*Exercise:*
When you transcribe the lines below, keep every word the same and leave the pictures behind.

*Recorded information:*

____

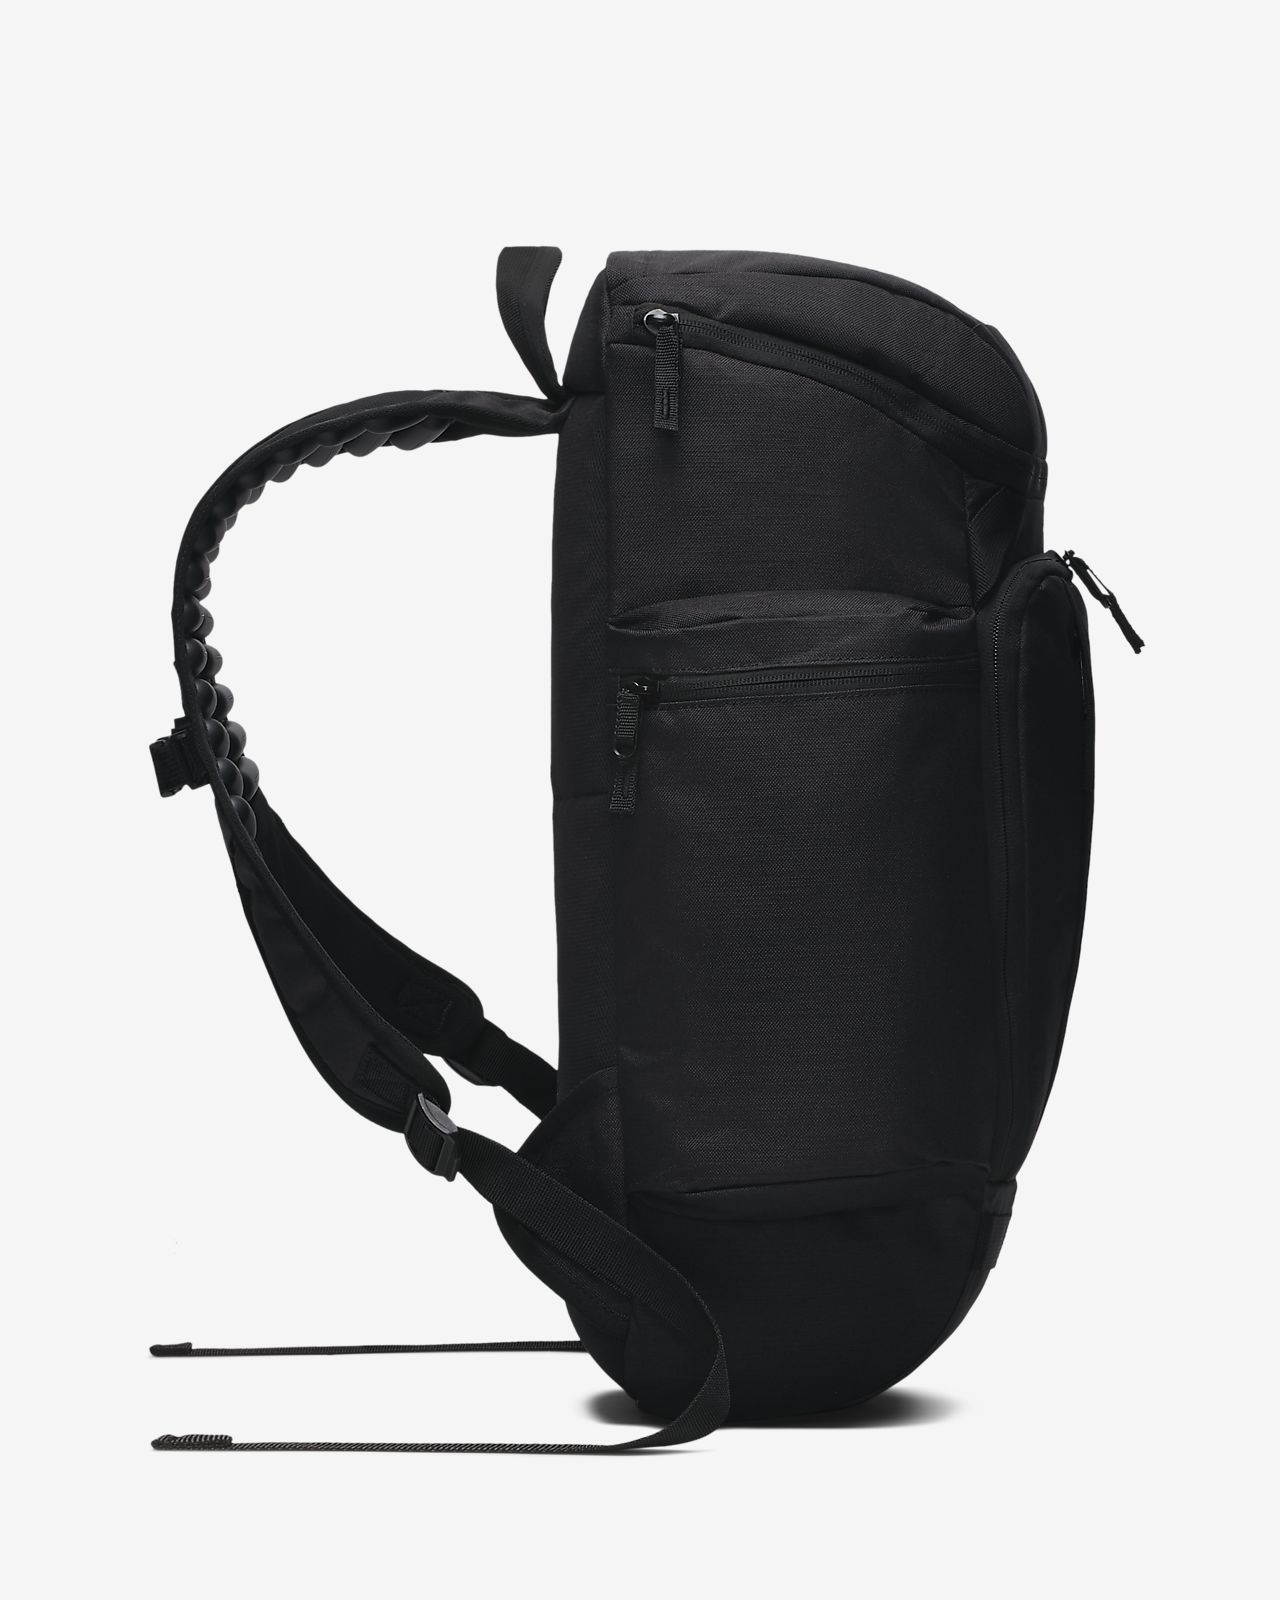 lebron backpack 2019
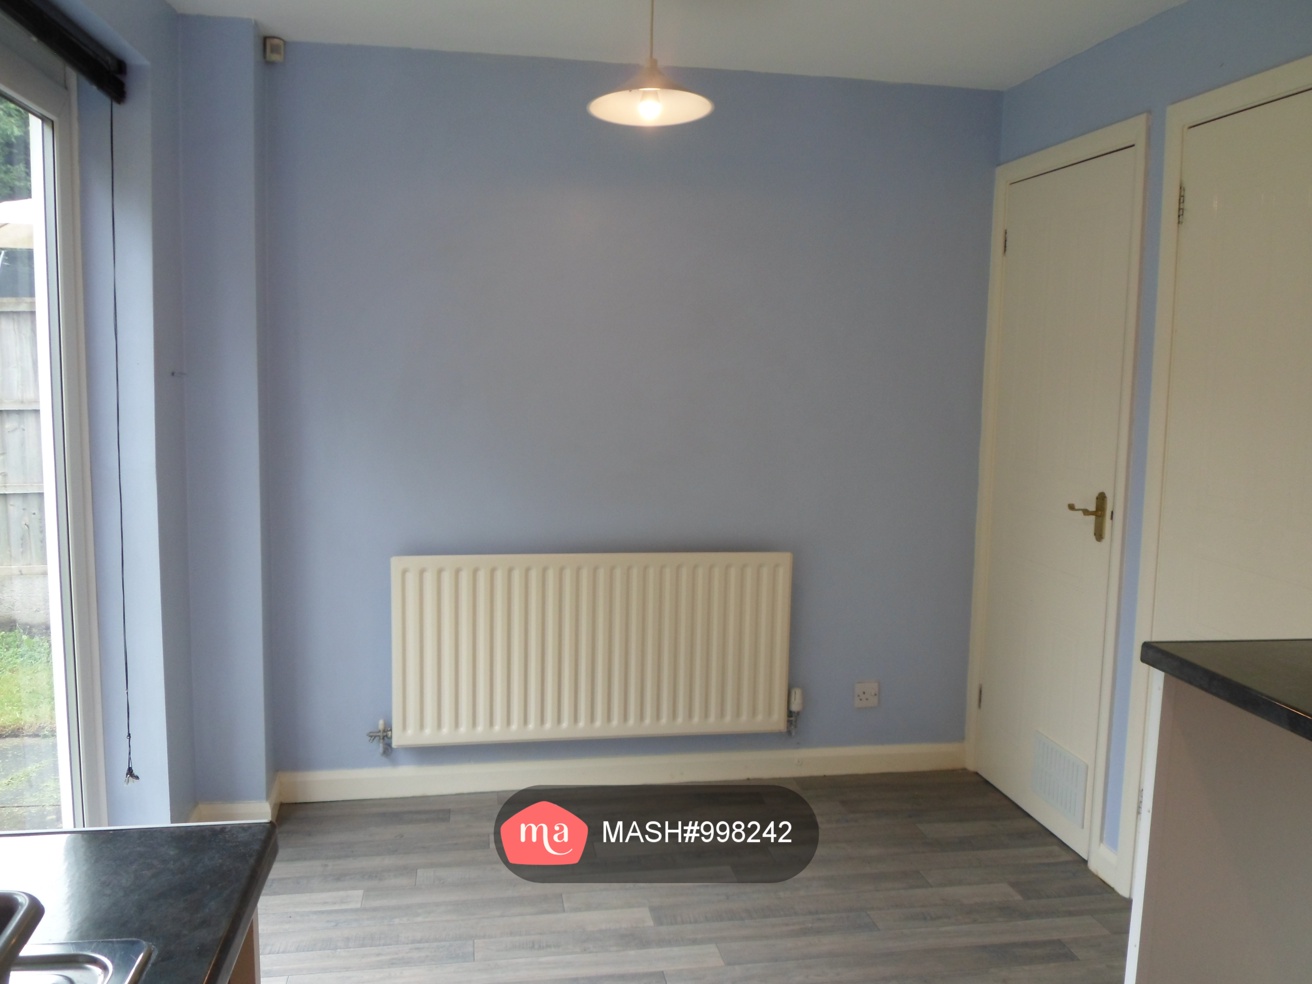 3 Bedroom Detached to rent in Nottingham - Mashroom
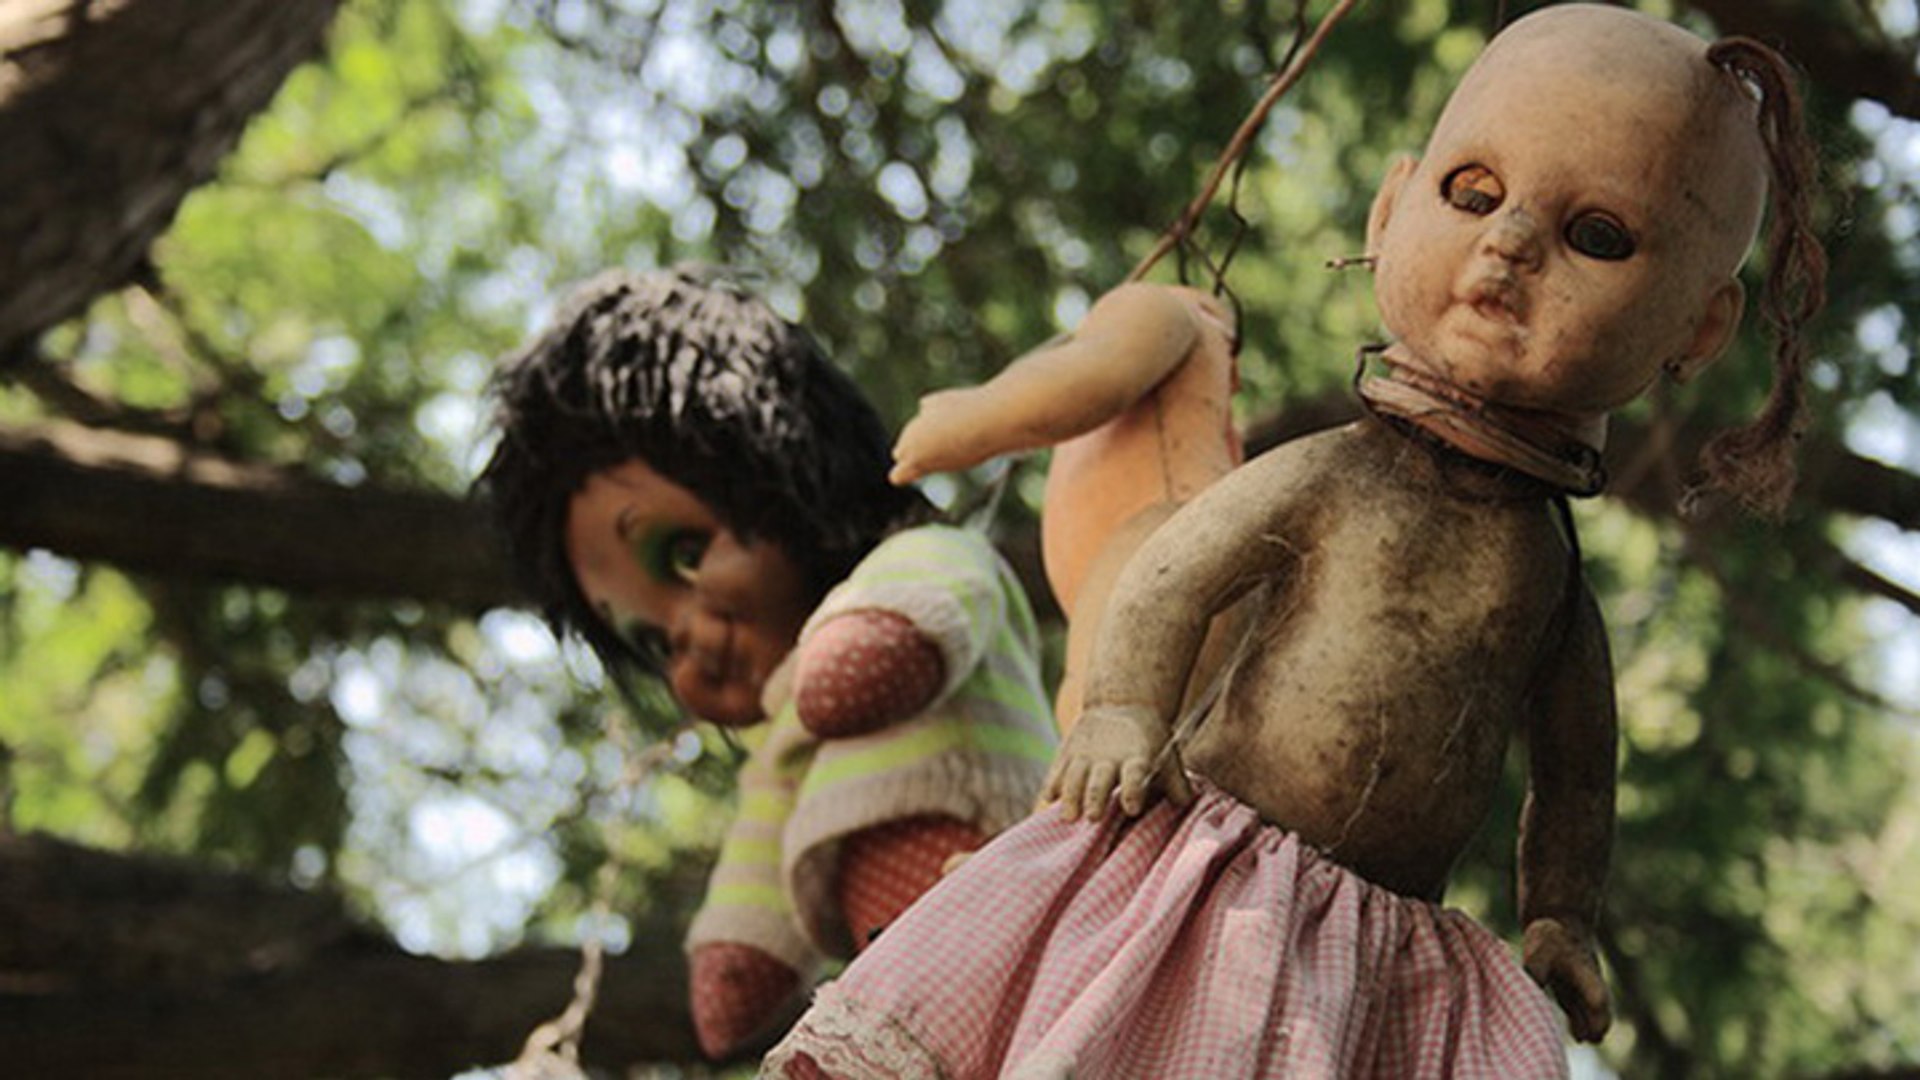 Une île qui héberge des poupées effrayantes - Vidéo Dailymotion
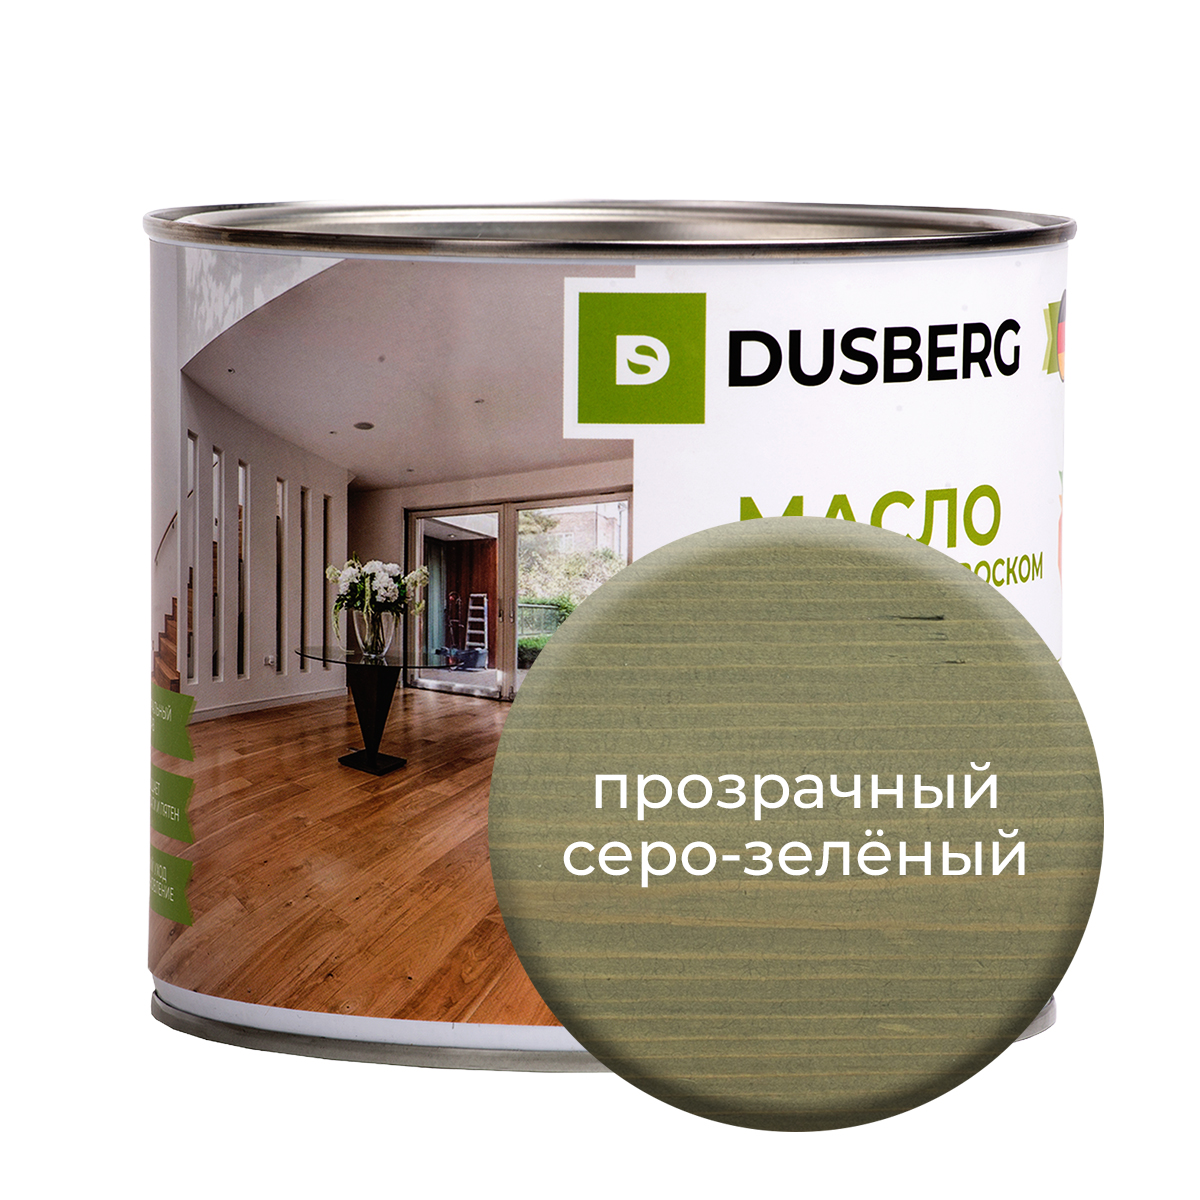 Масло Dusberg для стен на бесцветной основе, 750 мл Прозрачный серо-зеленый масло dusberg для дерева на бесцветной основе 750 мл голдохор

____

*Written solution:*
 lebron backpack 2019
 3 Bedroom Detached to rent in Nottingham - Mashroom
 Une île qui héberge des poupées effrayantes - Vidéo Dailymotion
 Масло Dusberg для стен на бесцветной основе, 750 мл Прозрачный серо-зеленый масло dusberg для дерева на бесцветной основе 750 мл голдохор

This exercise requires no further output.